Für seine Entwicklung wurde der Designer und Entwickler nun mit dem Young Leaders Award der BMW Stiftung ausgezeichnet. Der Preis ehrt Führungspersönlichkeiten, die neue Pfade betreten und vorbildliche Initiativen für das Gemeinwohl initiieren, weiterentwickeln oder unterstützen. Der Young Leaders Award ist nicht nur verbunden mit Preisgeldern von insgesamt 30.000 Euro. Stephan Augustin wird nun auch durch ein spezielles Kompetenzteam anderer Young Leader unterstützt, mit deren Hilfe er die Verbreitung und eventuelle Weiterentwicklungen seiner Idee voranbringen kann. PS: Der Terracooler kann übrigens auch in der industrialisierten Welt sinnvoll eingesetzt werden. Denn insbesondere für empfindliche Lebensmittel wie Gemüse, Obst oder Käse ist der Kühlschrank in der Regel nur bedingt geeignet. Die Lagerung unter dieser natürlichen Kühlhaube wäre also sowohl ökologisch als auch geschmacklich eine interessante Alternative.

Winners
Stephan Augustin, Industrial Designer; Project Manager, Innovation Projects at Project i, BMW Group, Munich http://www.terracooler.org
Amani Eltunsi, Director, Girls Only Radio Station, Cairo http://www.banat9bass.com
Matthias Scheffelmeier, Project Manager Ashoka’s Youth Venture / Venture, Ashoka, Berlin http://www.changemakercity.de
Heather Cameron, Founder and Director, Boxgirls, Berlin; Professor, Educational Science and Psychology, Freie Universität Berlin http://www.boxgirls.org
www.bmw-stiftung.de/de



Stephan Augustin wurde 1967 in München geboren und studierte von 1989 bis 1993 Industrial Design an der Universität der Künste in Berlin. 1997 nahm er eine Festanstellung bei der BMW AG im Design an,um am Aufbau eines neuen Produktdesignstudios mitzuwirken. Zwischen 2007 und 2009 war Stephan Augustin im Advanced Design Studio der BMW Group mit der technischen und gestalterischen Entwicklung von visionären Mobilitätskonzepten tätig. Hier entstanden Fahrzeuge- und Designkonzepte mit einem Fokus von 5-10 Jahren in der Zukunft.
Seit 2010 befasst sich Stephan Augustin bei BMW unter dem Projektnamen “Project i” mit der Entwicklung von Elektromobilitätsprodukten. 

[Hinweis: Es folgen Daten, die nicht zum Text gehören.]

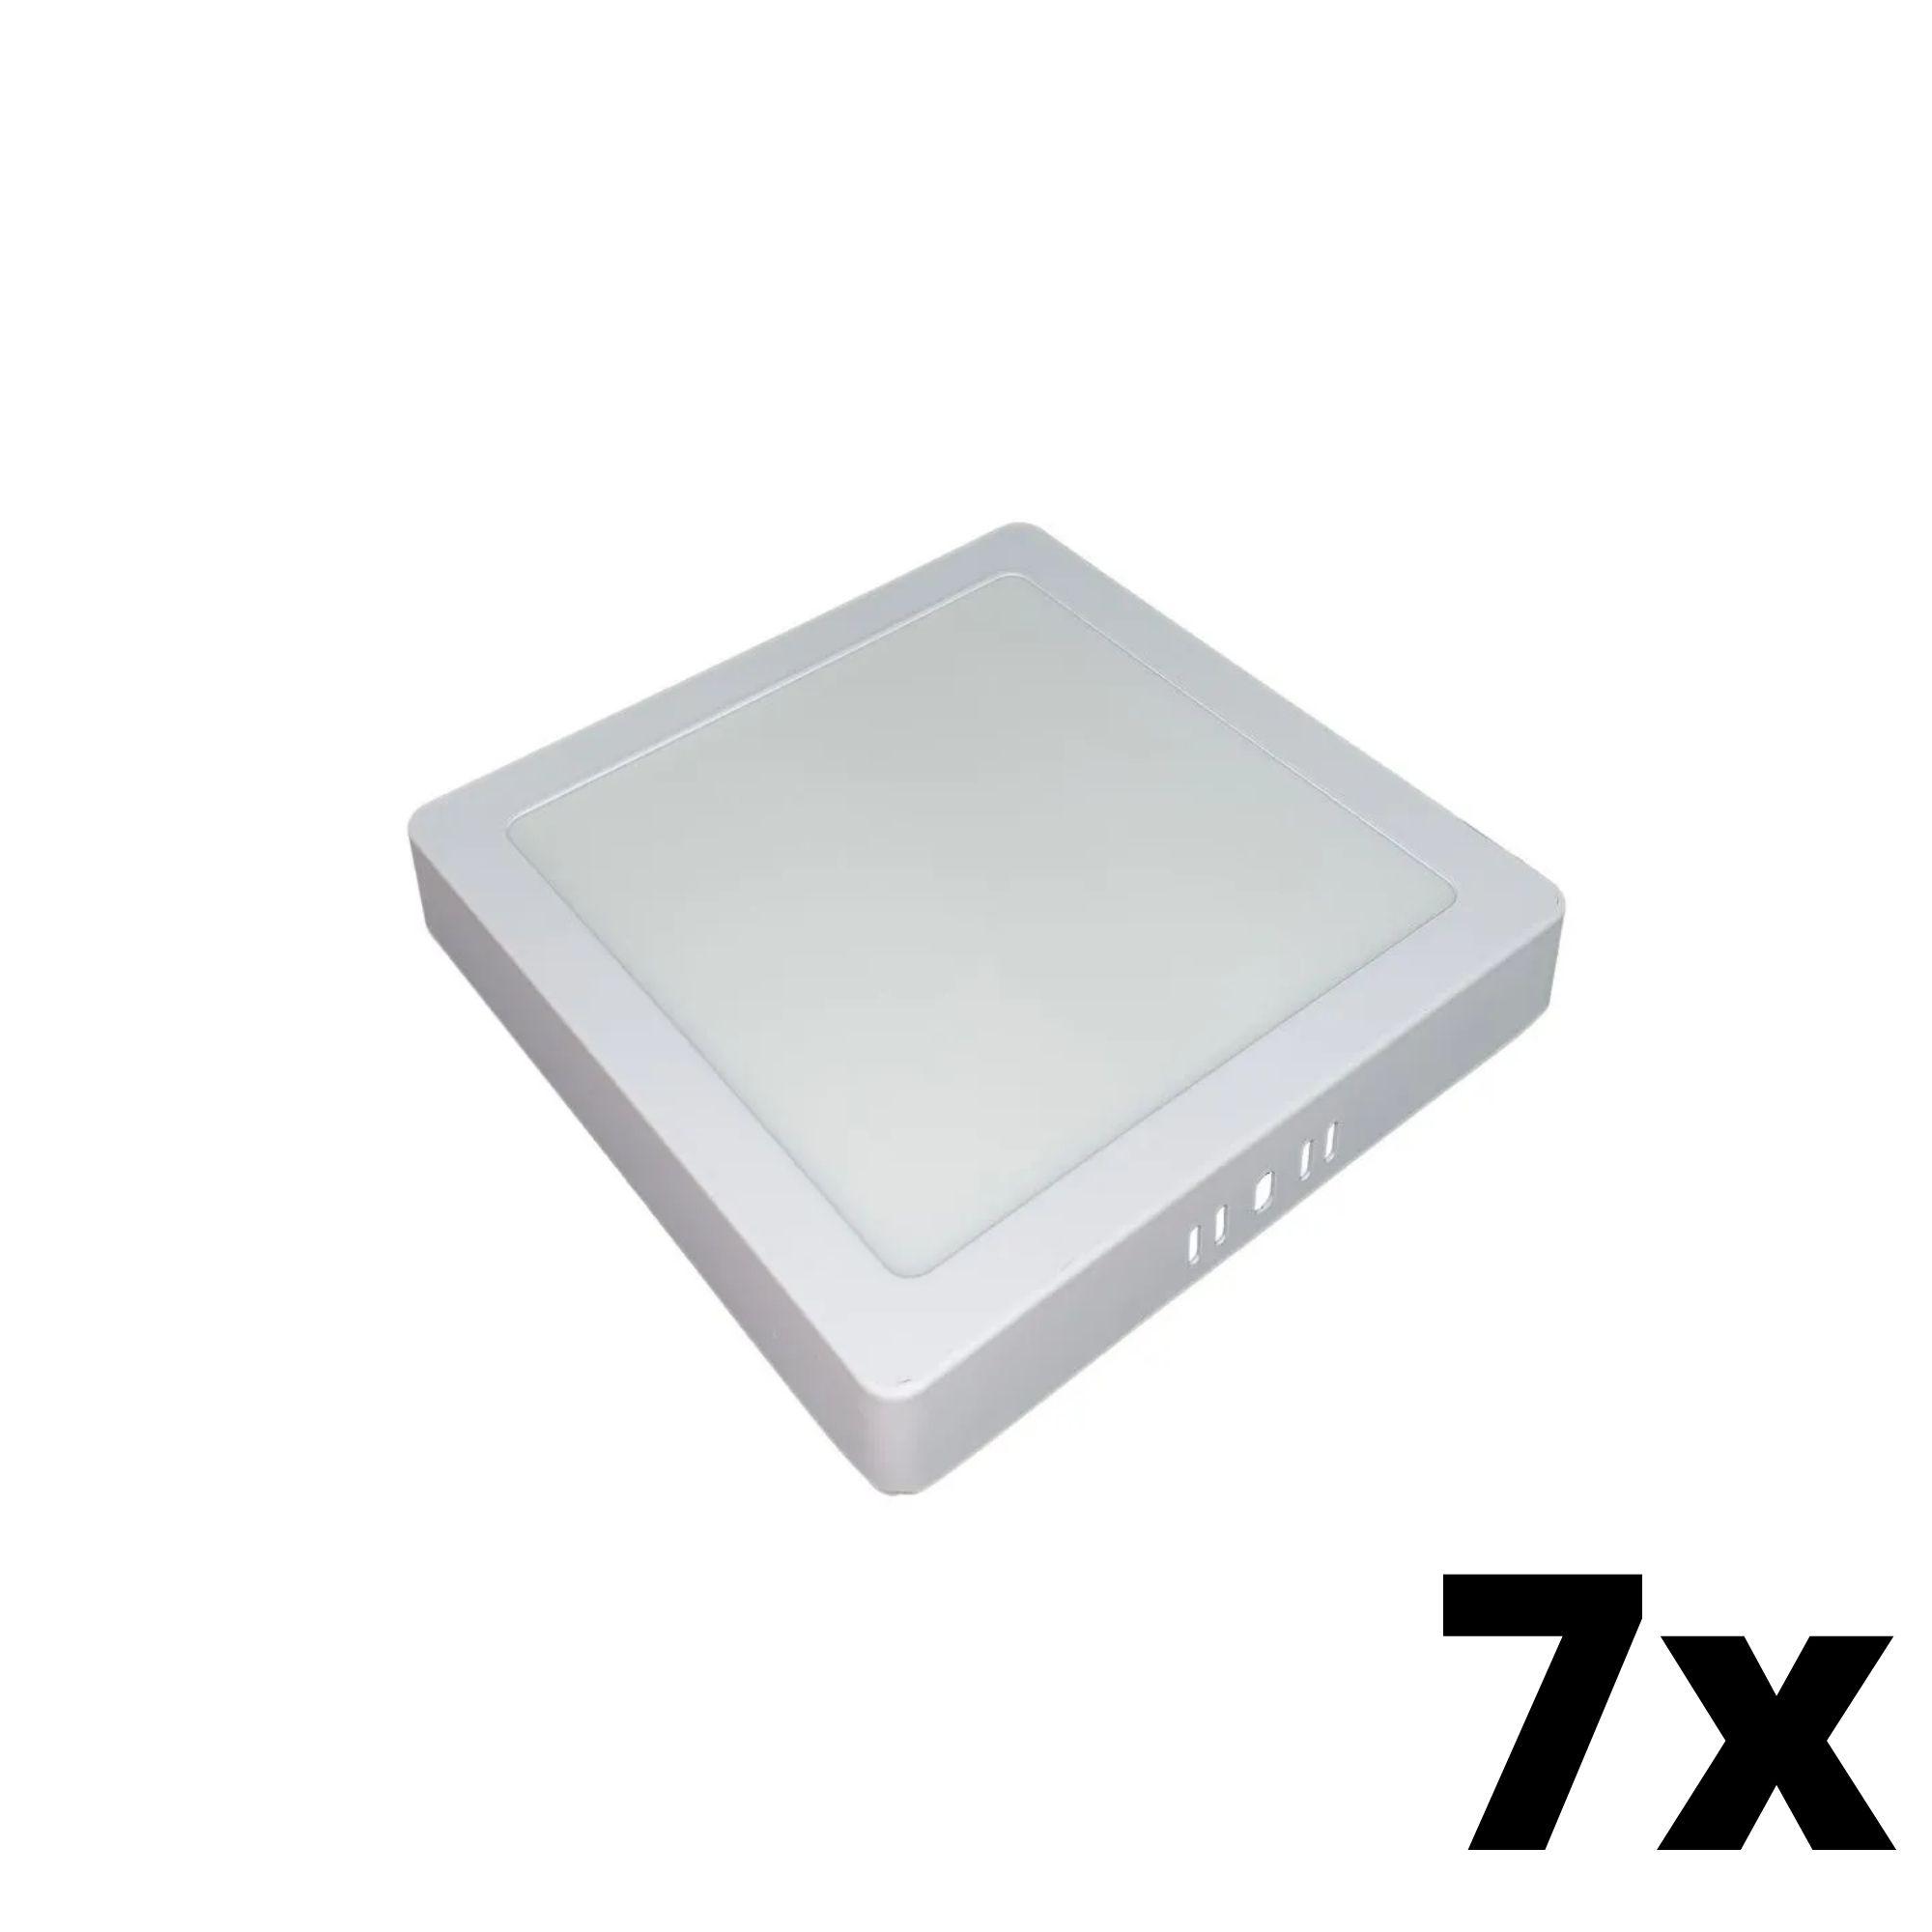 Kit 7 und Painel de Led Sobrepor 24w Quadrado 3000k

Bei seiner freiberuflichen Nebentätigkeit konzentriert sich Stephan Augustin neben Lehraufträgen und Vorträgen an Hochschulen und Universitäten rein auf Eigenentwicklungen wie z.B. den Watercone®, einem solar betriebenen preisgünstigen Apparat zur Trinkwassergewinnung aus Salz- oder Brackwasser für arme Regionen in der Welt. 
Hierfür erhielt er 2008 den „National Energy Globe, World Award for Sustainability" im europäischen Parlament von Brüssel und eine Auszeichnung des „Kyoto World Water Grand Prize" während des 5. Welt Wasserforums im März 2009 in Istanbul. Im Sommer 2009 wurde Stephan Augustin beim „World Technology Award 2009" in New York für seine Arbeiten als Finalist in der Kategorie" Soziales Unternehmertum" nominiert.
Der Watercone® wurde zudem in die ständige Sammlung des Centre Pompidou in Paris, des Museum of Modern Art in New York sowie des Museums der Deutschen Geschichte in Bonn aufgenommen. http://www.augustin.net

Ich bin Stephan Augustin das erste Mal während eines Workshops bei BMW begegnet. Danach trafen wir uns auf dem Zukunftskongress des 2b AHEAD ThinkTank wieder, erst hier bin ich auf die Projekte im Rahmen seiner privaten Tätigkeit aufmerksam geworden.
Sein Vorgängerprojekt ist "Watercone", eine Erfindung für Solare Meerwasserentsalzung für Jedermann, vorrangig zur Hilfe in Entwicklungsländer gedacht. Seine jüngste Arbeit wurde während des Munich Economic Summit zusammen mit anderen Preisträgern bei einem Empfang in der Residenz München ausgezeichnet. Hier wurden alle Gewinner-Projekte vorgestellt und besonders hat mich auch die Initiative von  Heather Cameron beeindruckt, welche als Katalysator für sozialen Wandel dient und wesentliche Grundlagen einer Veränderung bereits bei Kindern ansetzt.